Departments of Ophthalmology and Physiology & Biophysics

University of California, Irvine

Irvine, California

BASIC RESEARCH PROJECT

Understanding how the G90D and G90V rhodopsin mutations cause blindness

Research Interests

Vision begins in photoreceptor cells with the activation by light of the visual pigment, rhodopsin. The exquisite sensitivity of our rod photoreceptors that enables us to see in dim to moderately bright light requires that rhodopsin is extremely stable and does not activate the rods in the absence of light. Recently, two mutations in rhodopsin have been identified that appear to compromise its stability: Glycine 90 to Aspartate (G90D) reported to cause congenital stationary night blindness (CSNB), and Glycine 90 to Valine (G90V) found in patients with retinitis pigmentosa (RP). Structural and biochemical in vitro studies have suggested that the G90D/G90V mutations cause lower stability of both chromophore-bound and chromophore-free rhodopsin. However, previous studies with transgenic animal models have yielded conflicting results about the form of rhodopsin responsible for its abnormally high activity. Thus, despite decades of research, the molecular mechanism by which these mutations cause abnormal photoreceptor function and degeneration remains a subject of debate. and, as a result, effective treatments for people carrying these mutations are not available.

Ultimately, Dr. Kefalov’s goal is to develop effective treatments targeted specifically towards patients carrying each of these two mutations and test their efficacy in human clinical studies.

Plans for 2023

The purpose of the project is to identify the molecular mechanism by which these mutations cause abnormal photoreceptor function and degeneration as a first step in developing effective treatments for people carrying these mutations.

Dr. Kefalov’s laboratory has now completed the quantification of the physiological and morphological characterization of G90D and G90V mice as proposed and have obtained additional molecular data. In 2023, they plan to extend these findings and begin addressing the mechanism by which these mutations lead to blindness and possible retinal degeneration.

Specific Aims:

Aim 1. To investigate the disease mechanism of the G90D/G90V rhodopsin mutations by evaluating whether exogenous chromophore is able to restore normal rod function.
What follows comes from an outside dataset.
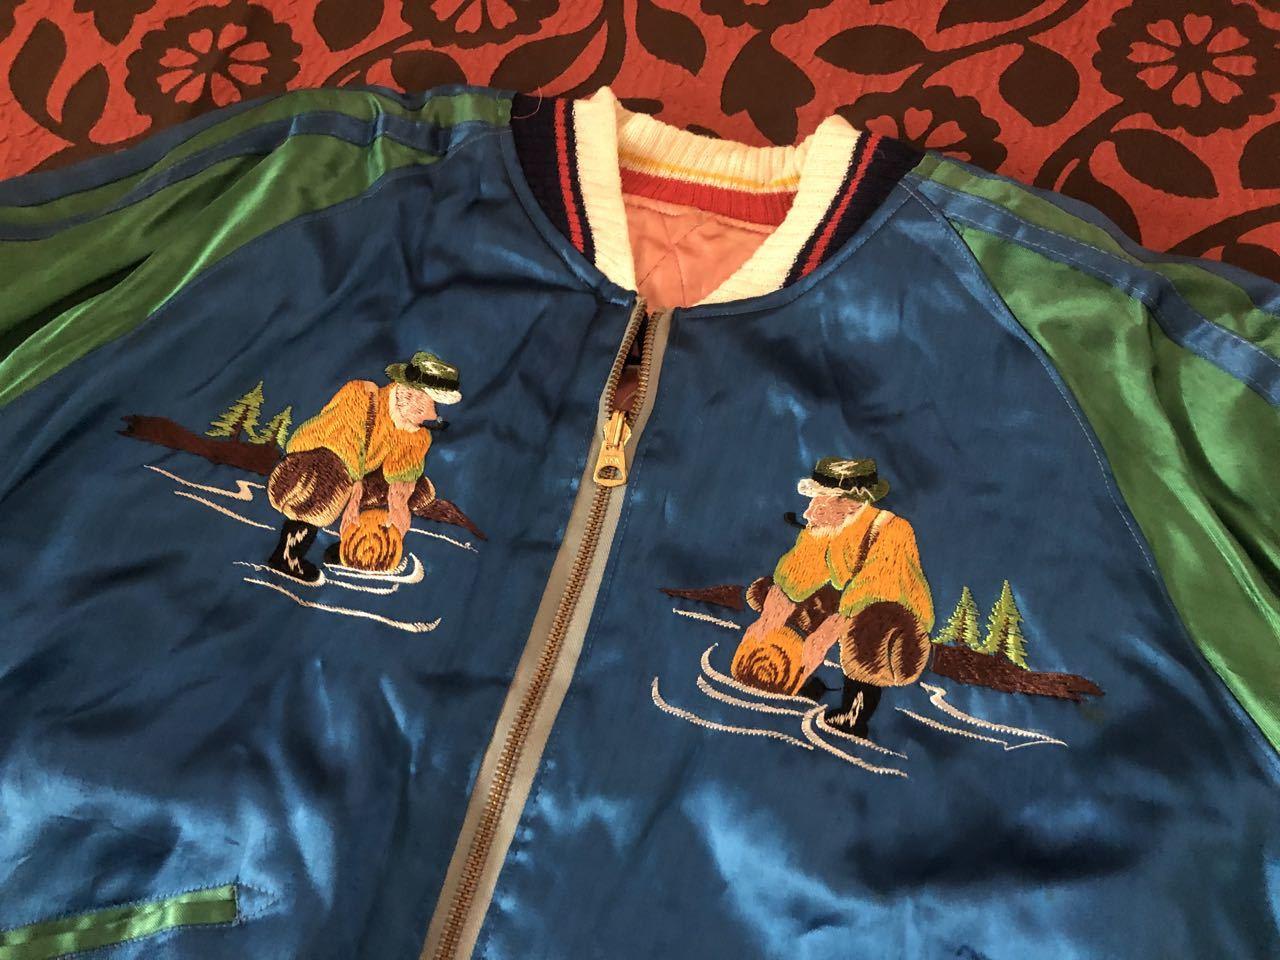 アメリカ仕入れ情報#51 50s ALASKA SOUVENIR ジャケット スカジャン!_c0144020_10015720.jpg
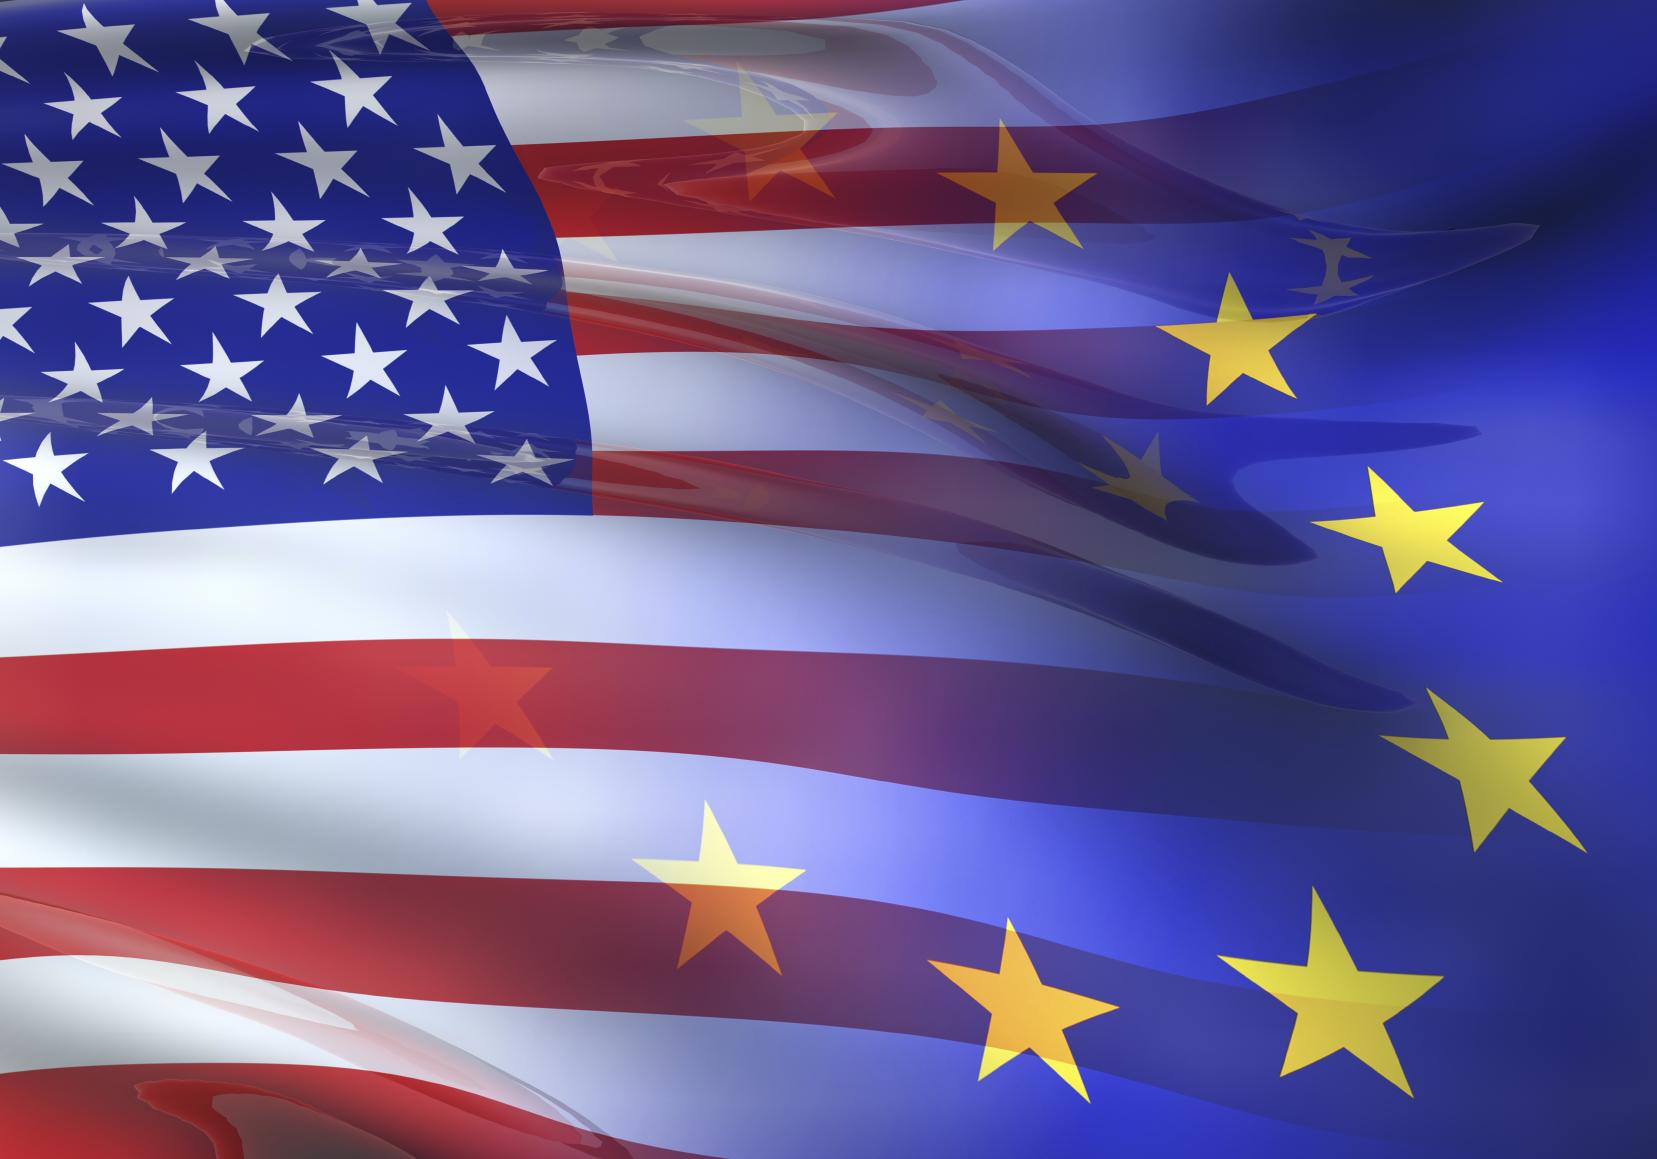 Dazi USA, Confagricoltura: Il nostro export già penalizzato, salvaguardiamo l'agroalimentare italiano

Aim 2. To determine the effect of the G90D and G90V mutations on chromophore binding to rhodopsin by measuring rod dark adaptation.

Progress in 2022

Throughout 2022, Dr. Kefalov expanded his studies on G90D/G90V rhodopsins over the past year by performing microspectrophotometry and biochemistry experiments that were not part of the proposed research plan but provided significant insight into their properties. First, in collaboration with Dr. Clint Makino from Boston University, he measured absorption spectra of rod outer segments from patches of freshly dissected mouse retinas to capture the time course of production and decay of metarhodopsin III (Meta III) after photobleaching (shown). Dr. Kefalov observed normal production and decay of Meta III in wild type (WT) rods. In striking contrast, photobleached mutant rhodopsins decay was monophasic. Second, in collaboration with Dr. Pere Garriga from Universitat Politecnica de Catalunya, Spain, Dr. Kefalov’s team found that the chemical stability of both mutants is dramatically reduced compared to WT. Curiously, we also found normal WT-like thermal stability of G90D but 50-fold lower thermal stability of G90V rhodopsin (not shown).

Progress in 2021

Dr. Kefalov relocated his lab from Washington University in St. Louis to the University of California, Irvine in June 2021. Nevertheless, he made significant progress in analyzing the structure and function of the photoreceptors in G90D and G90V mutant mice. Using electroretinography, his team found that both G90D and G90V rhodopsin mutations cause suppressed scotopic light responses in 4 months-old mice (shown). The rod-driven responses from younger 2 months-old mutant animals were similarly reduced (not shown), suggesting that this functional deficit is not caused by progressive retinal degeneration but rather by abnormal mutant opsin stability. Indeed, retina morphology in 4 months-old mutant animals appeared normal (not shown). These findings demonstrate the feasibility of our approach and, encouragingly, are consistent with the human phenotype associated with the G90D and G90V mutations.